CDR1 (Complementarity-Determining Region 1) recombinant protein is a biologically engineered molecule derived from the antigen-binding regions of antibodies, specifically the variable domains of immunoglobulin heavy or light chains. CDRs are hypervariable loops critical for antibody-antigen interactions, with CDR1 playing a key role in determining binding specificity and affinity. Recombinant CDR1 proteins are synthesized using genetic engineering techniques, where the DNA sequence encoding CDR1 is cloned into expression vectors and produced in host systems like *E. coli*, yeast, or mammalian cells.
The development of CDR1 recombinant proteins is driven by their therapeutic and diagnostic potential. In immunotherapy, they serve as components of engineered antibodies, bispecific antibodies, or chimeric antigen receptors (CARs) to enhance targeting precision in cancer or autoimmune diseases. Their small size and modularity also make them valuable tools for studying antigen-antibody interactions, epitope mapping, and structural biology.
Notably, CDR1-based proteins are explored in contexts beyond traditional antibody engineering. For example, CDR1 peptides from pathogenic autoantibodies have been investigated in rheumatoid arthritis and lupus to modulate immune responses. However, challenges persist in maintaining conformational stability and biological activity during large-scale production, as CDR1’s functionality often depends on proper folding and post-translational modifications.

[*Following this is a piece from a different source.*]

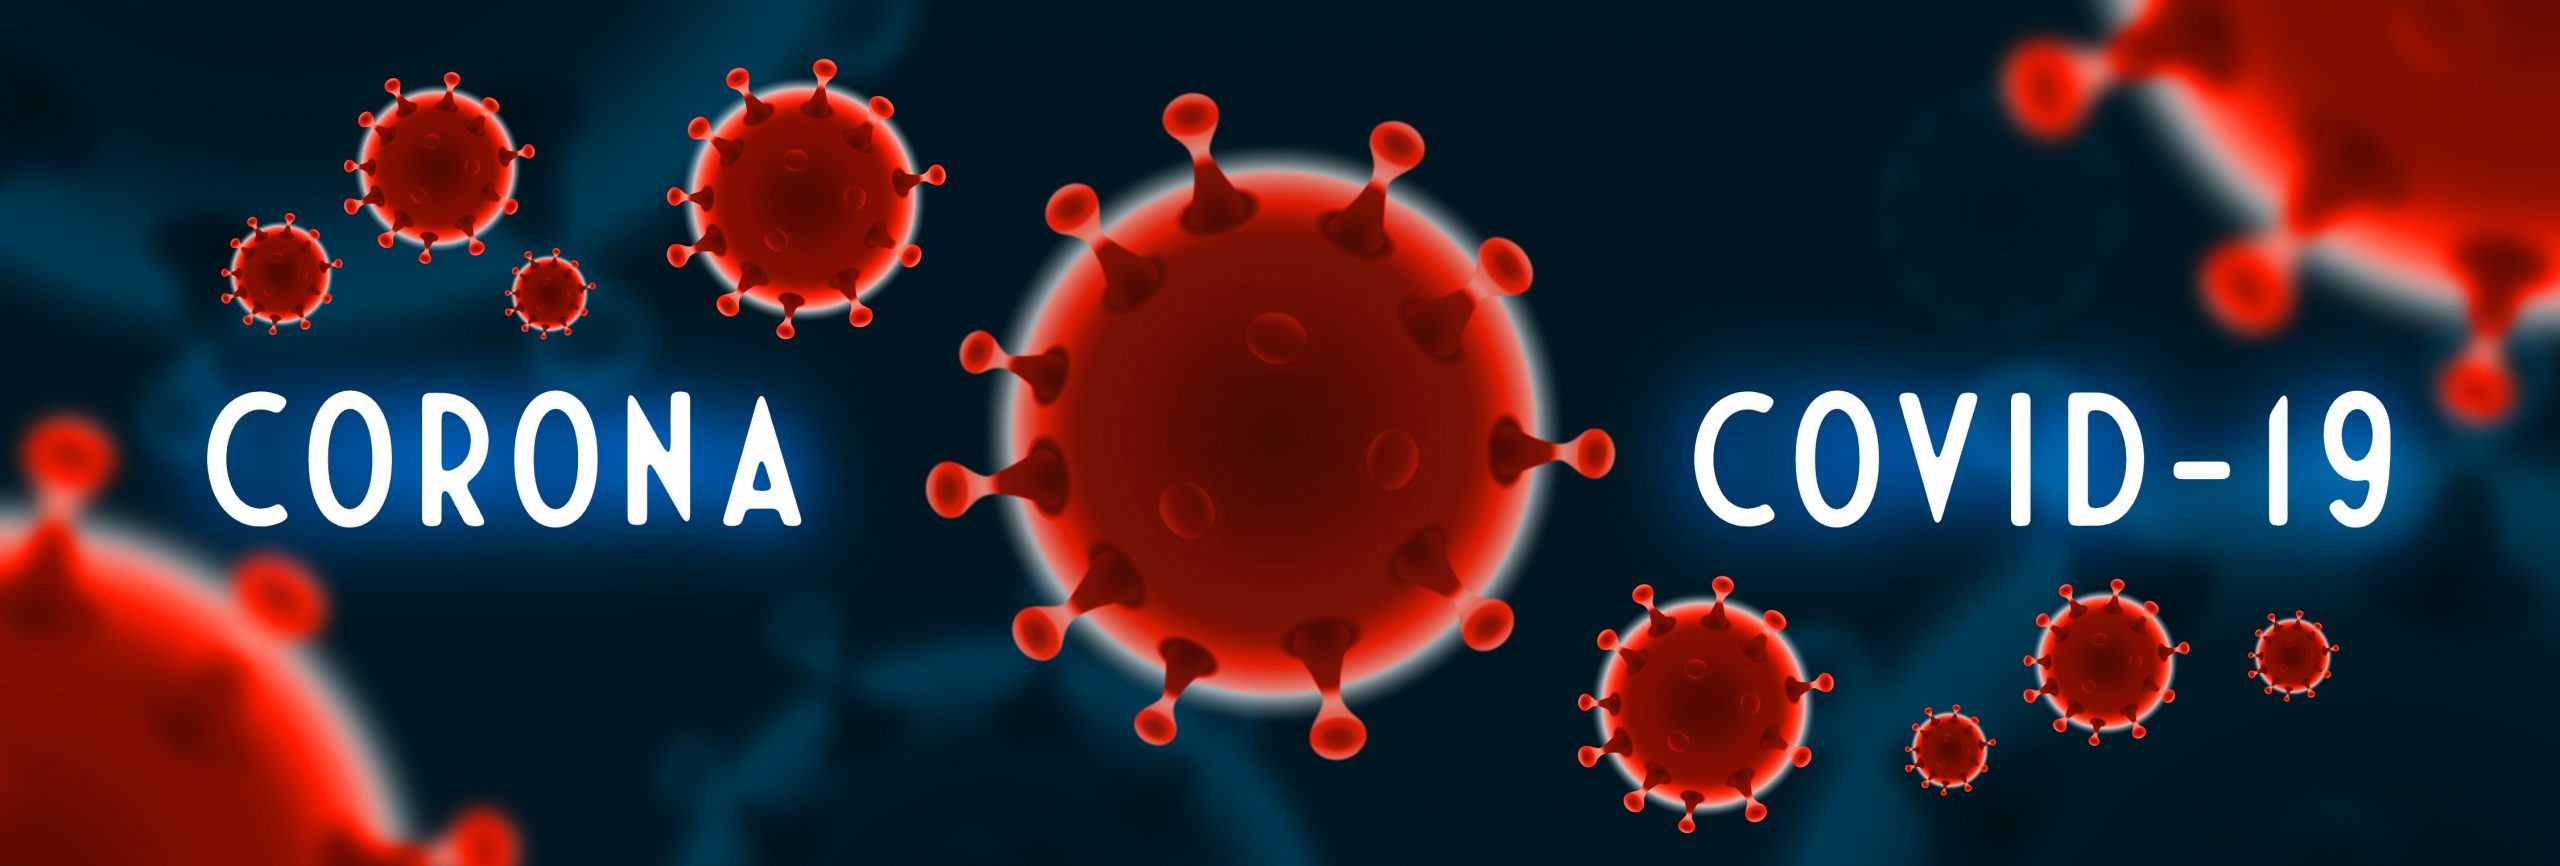 Coronavirus and covid-19 image

Recent advances in computational modeling (e.g., AlphaFold) and high-throughput screening have accelerated the optimization of CDR1 recombinant variants, enabling tailored designs for specific applications. As personalized medicine and targeted therapies gain momentum, CDR1 recombinant proteins represent a versatile platform bridging antibody engineering, molecular diagnostics, and therapeutic development.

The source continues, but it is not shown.